Your costs are unique to you and your car. Know what they are, but dont let anyone tell you what they should be

Heres how I look at this now.... I may change my thinking based on more experience

There are maintenance costs and repair costs and they are different. We can predict the maintenance items, like oil and tires and things you should do on a scheduled basis like cooling system flushes and transmission service, but repairs are just a guess . Since I dont like surprises I maintain a savings account for major repairs...and to replace the car when the time comes. ( I spend half my income and save half)

so
gross income less gas and oil = cash flow
then I divide cash flow by 2. one half is paid to the driver (me) and one half goes to a reserve fund


My approach was inspired by the cab company that services the Ft Myers airport. The cab company owns the cars,. Income is split 50/50 The driver gets half and pays for gas. (the driver keeps his tips) The company keeps the other half and insures, maintains, repairs and replaces the cars..


----------



## TheWanderer (Sep 6, 2016)

oldfart said:


> Your costs are unique to you and your car. Know what they are, but dont let anyone tell you what they should be
> 
> Heres how I look at this now.... I may change my thinking based on more experience
> 
> ...


I agree, I calculate my operating cost the same way. I can predict tires, oil, transmission flush, gas, and other regular maintenance per mile. As for the major stuff that can vary.


----------



## 1.5xorbust (Nov 22, 2017)

oldfart said:


> Your costs are unique to you and your car. Know what they are, but dont let anyone tell you what they should be
> 
> Heres how I look at this now.... I may change my thinking based on more experience
> 
> ...


I think you and three other drivers in the U.S. maintain a savings account for major repairs.


----------



## oldfart (Dec 22, 2017)

1.5xorbust said:


> I think you and three other drivers in the U.S. maintain a savings account for major repairs.


I don't think a part time driver has to think about this stuff Presumably they have another source of income that can handle the big repairs But For is full timers I thing a savings account or good credit is needed. And if I had good credit I probably wouldn't need Uber


----------



## Coachman (Sep 22, 2015)

Karen Stein said:


> While there are various "authorities" who offer advice, IMO, their advice is nearly worthless. After all, who / what is "average?"
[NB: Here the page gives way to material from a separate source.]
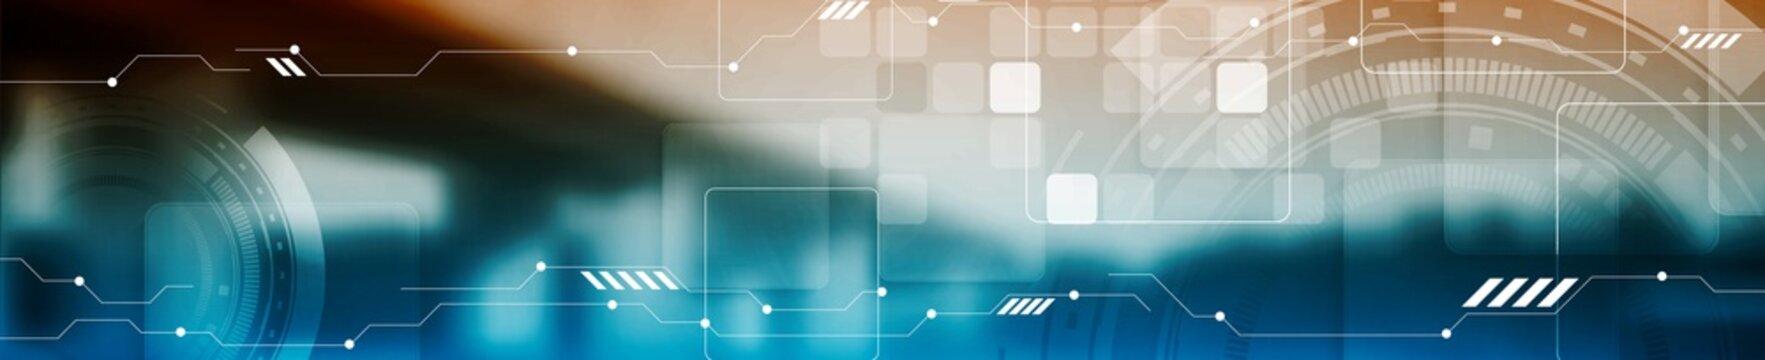 Abstract tech industrial web header banner

If you don't value the advice of automobile "authorities" like AAA, why do you value the advice of laymen on an internet message board?


----------



## MadTownUberD (Mar 11, 2017)

oldfart said:


> I don't think a part time driver has to think about this stuff Presumably they have another source of income that can handle the big repairs But For is full timers I thing a savings account or good credit is needed. And if I had good credit I probably wouldn't need Uber


Not good assumptions!

I'm a part timer and I'm preety sure I think about my costs WAY more than the average full timer because I want to make sure it's worth my time. I.e. only drive during high $/hr times.

I put ALL my Uber earnings into a separate bank account which I use to pay for repairs on my two Uber vehicles which get me to and from my real job. I also periodically write myself a check from this account.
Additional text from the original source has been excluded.